CODEWITHSUNDEEP
javaaudio
Ercksen
Ercksen

Reputation: 669

Change an audio stream's volume by changing bytes directly

For a peer-to-peer audio client, I need to have the ability to change the output volume to a desired level. In my case, the volume is a floating point number between zero and one.

I modify the audio stream this way:

void play(byte[] buf)
{
    for (int i = 0; i < buf.length; i += 2)
    {
        // sample size is 2 bytes, so convert to int and then back
        int data = ((buf[i + 1] & 0xFF) << 8) | (buf[i] & 0xFF);
        data = (int) (data * outputVolume);
        buf[i] = (byte) (data & 0xFF);
        buf[i + 1] = (byte) (data >> 8);
    }
    line.write(buf, 0, Math.min(buf.length, line.available()));
}

Now, when outputVolume is set to 0, the output is silent. When it is set to 1, it behaves normal and quality is fine (as it is not modified). But any numbers between 0 and 1 produce a horrible noise which is louder than the expected stream itself. At 0.5, the noise reaches it's loudest point.

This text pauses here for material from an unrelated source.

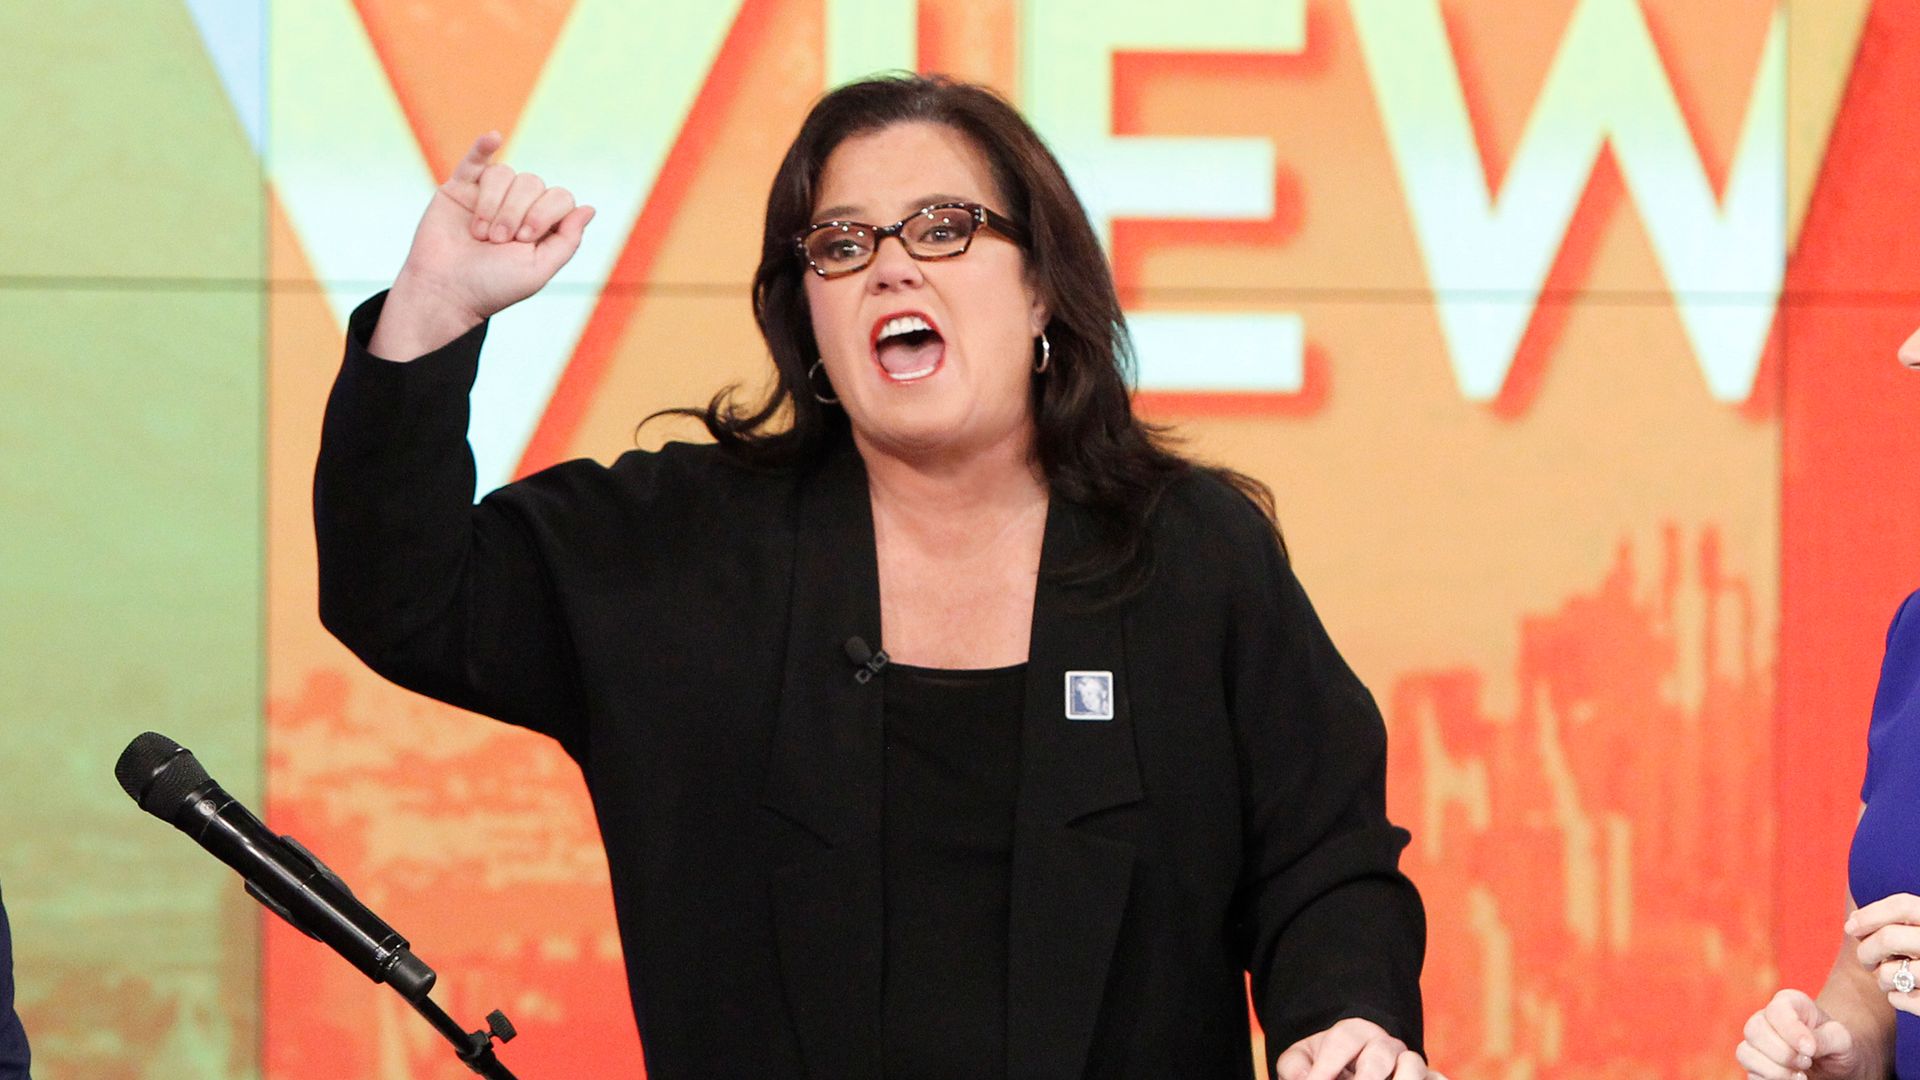 Rosie O Donnell on The View

I don't want to use the controls of the audio mixer itself (like gain control or volume control) because I had compatibility problems this way and later on, I want to modify the byte stream even more so I have to iterate through the stream anyway.

Upvotes: 0

Views: 443

Answers (1)

Radiodef
Radiodef

Reputation: 37835

Assuming the audio data is signed (because I think it would be pretty unusual to have unsigned 16-bit samples), there is a mistake in that code, because you also need to sign extend the sample.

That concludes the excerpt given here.